The S&P 500’s average daily percent change in January was just  plus or minus 0.33 percent. In the 1,069 months since 1928, January of 2017 ranks as the 66th smallest average daily move for a given month in the S&P 500’s history. 

For the month of January specifically, there have only been five other Januarys where the S&P 500 saw an average daily percentage move that was smaller than this January.  Looking ahead to this month, quiet Januarys haven’t had any notable impact on market returns in February: The S&P 500 has been up following three of those five Januarys, with a median gain of 0.99 percent. 

Friday, February 3, 2017

January's Jobs Report

The American economy generated 227,000 new jobs in January, marking the biggest gain in four months. Because the workforce expanded as well, the unemployment rate rose a tick to 4.8 percent, the Bureau of Labor Statistics said this morning.

Retail trade added 46,000 jobs in January, the single-best gain for any sector, which seems a bit odd, given it happened in the post-holiday shopping season. Clothing and clothing accessories added 18,000, electronics and appliance stores added 8,000, and furniture and home-furnishings stores added 6,000.

One downside: The change in total nonfarm payroll employment for November was revised down from 204,000 jobs to 164,000. Over the past three months, job gains have averaged 183,000 per month.

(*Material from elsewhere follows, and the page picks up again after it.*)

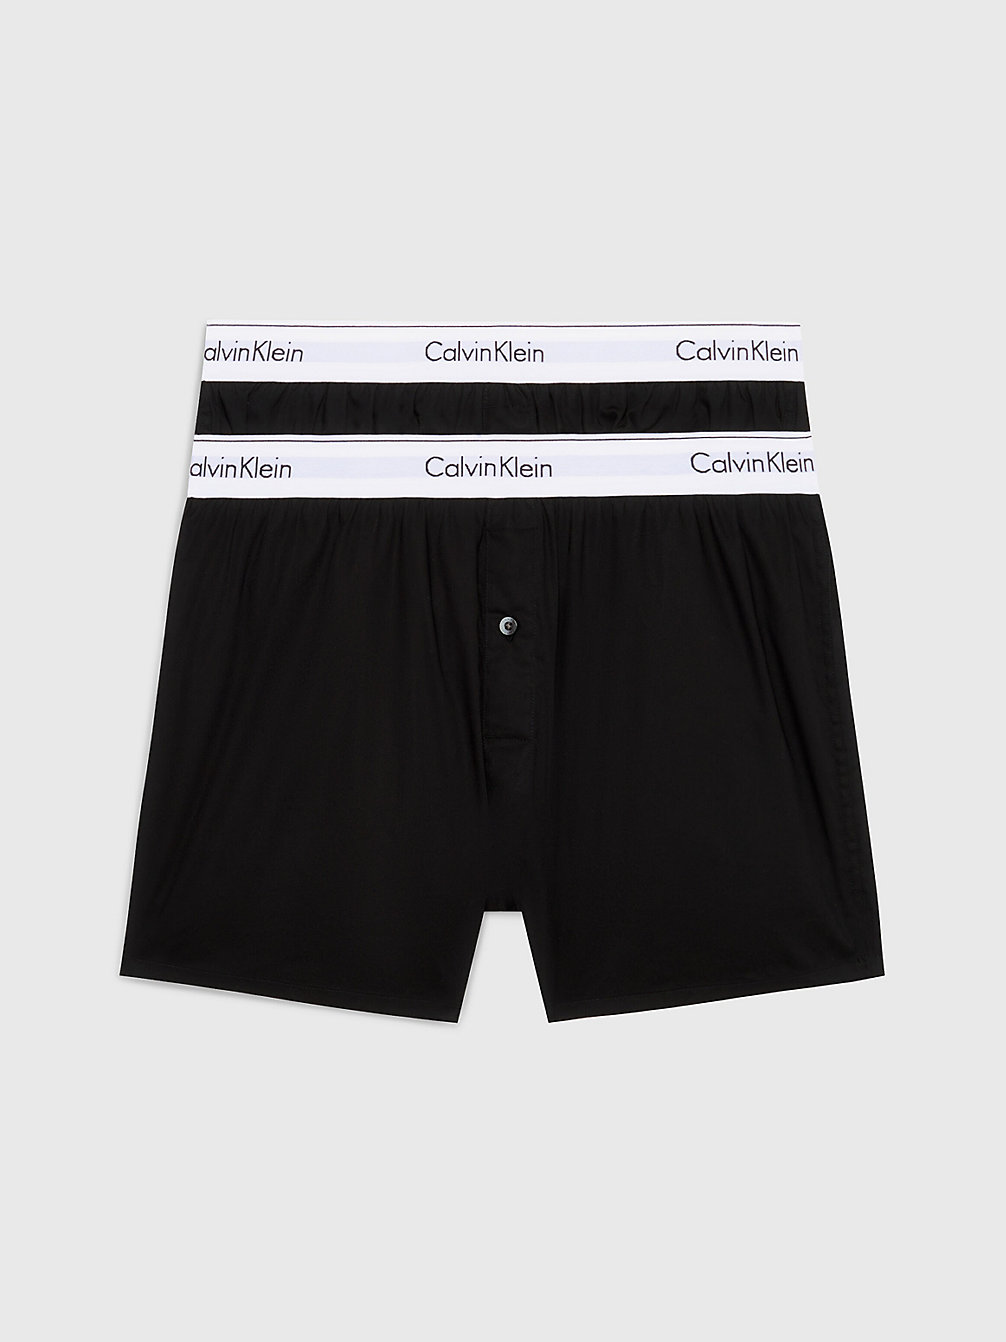 Boxer Slim In Confezione Da 2 - Modern Cotton > BLACK / BLACK > undefined men > Calvin Klein

Thursday, February 2, 2017

Reading the Fed Announcement

At its first meeting of 2017 yesterday, the Federal Reserve left its benchmark rate unchanged in a range of 0.50  percent to 0.75 percent, as expected. But it also gave no indication when the next rate hike might come, meaning we could have rates this low for a while yet.

The Fed noted the improvement in both business and consumer sentiment since its December meeting, when it did raise rates. But household spending growth has been moderate, and business fixed investment remains soft.

Last December's dot plot forecast suggested that the Fed was considering raising rates three times in 2017. It would have made sense for the Fed to hike in March if that was still the expectation, but yesterday's announcement makes that less likely to happen.

Wednesday, February 1, 2017

Two Ways for Earnings

So far this earnings season, the average stock that has reported has gained 0.13 percent on its earnings reaction day, which is the first trading day following a stock’s earnings report.  But the reading has been quite different depending on what sector the stock has been in.

Stocks in the energy and materials sectors that have reported earnings this season have been getting positive reactions. The average energy stock has gained 0.86 percent on its earnings reaction day, while the average materials stock has gained 0.81 percent.

Meanwhile, consumer staples and health care stocks have had dreadful reactions to their earnings this season.  The average consumer staples stock that has reported has fallen 1.61 percent on its earnings reaction day, while the average health care stock has fallen 1.28 percent.